Rinoplastica di Revisione

Revisione rinoplastica a Milano: tra ritocco e ricostruzione di un naso già “rifatto”

Cosa fare se il risultato di un intervento di rinoplastica primaria non è all’altezza delle tue aspettative, oppure se dopo la chirurgia devi fronteggiare difetti estetici e/o funzionali? Una soluzione può essere la rinoplastica di revisione, ovvero un ulteriore intervento al naso con l’obiettivo di correggere esiti chirurgici insoddisfacenti. I problemi che la revisione può correggere includono sia imperfezioni estetiche più o meno evidenti sia alterazioni funzionali, soprattutto respiratorie.

Tra le motivazioni di natura estetica che spingono il paziente a tornare dal chirurgo o a cercare uno specialista in rinoplastiche secondarie, il classico aspetto da “naso rifatto” o “naso chirurgico” o “look chirurgico”. Particolarmente complesse sono invece le revisioni caratterizzate da assenza/insufficienza di supporto strutturale del dorso e/o della punta. Questo problema si rileva soprattutto quando la prima rinoplastica è stata eseguita in maniera incauta con eccesso di resezione di strutture portanti del naso quali il setto, il dorso e la punta del naso. E’ dovere del chirurgo specialista in rinoplastica chiarire al paziente, fin dal primo incontro, che il semplice “ritocco del naso” richiesto dal paziente può comportare aspetti ricostruttivi anche complessi.
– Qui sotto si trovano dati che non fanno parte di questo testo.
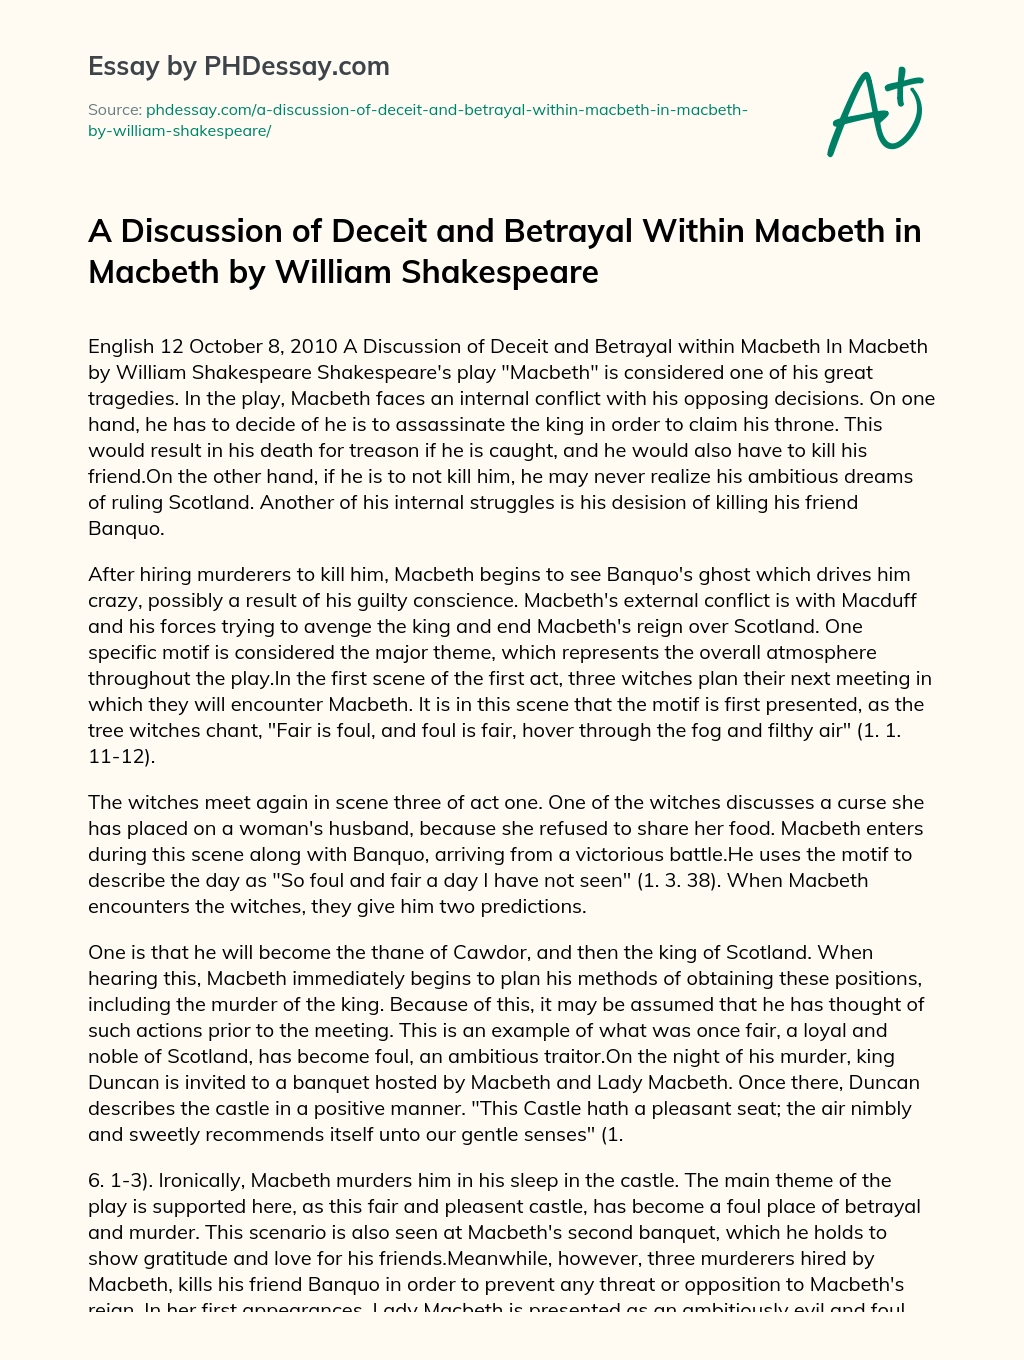 A Discussion of Deceit and Betrayal Within Macbeth in Macbeth by William Shakespeare essay

Soprattutto nell’ultimo decennio, sono state messe a punto tecniche minimamente invasive che hanno ridotto frequenza e complessità delle rinoplastiche di revisione. In particolar modo, tali tecniche a minima invasività permettono di ridurre significativamente l’uso di innesti strutturali nella rinoplastica primaria. Ogni rinoplastica uomo o donna è un caso a sé stante, e richiede analisi pre-operatoria accurata e un progetto chirurgico “confezionato” sul singolo paziente.

Il chirurgo, soprattutto se esperto e lungimirante, non può non tener conto della possibilità di dover intervenire una seconda volta sullo stesso paziente. In mani esperte è una evenienza rara, ma possibile. Pertanto, il chirurgo adotterà un atteggiamento prudenziale e conservativo già in sede di rinoplastica primaria, in modo da mettersi nelle condizioni migliori nel caso debba attuare un “ritocco” minimo o una vera e propria rinoplastica di revisione.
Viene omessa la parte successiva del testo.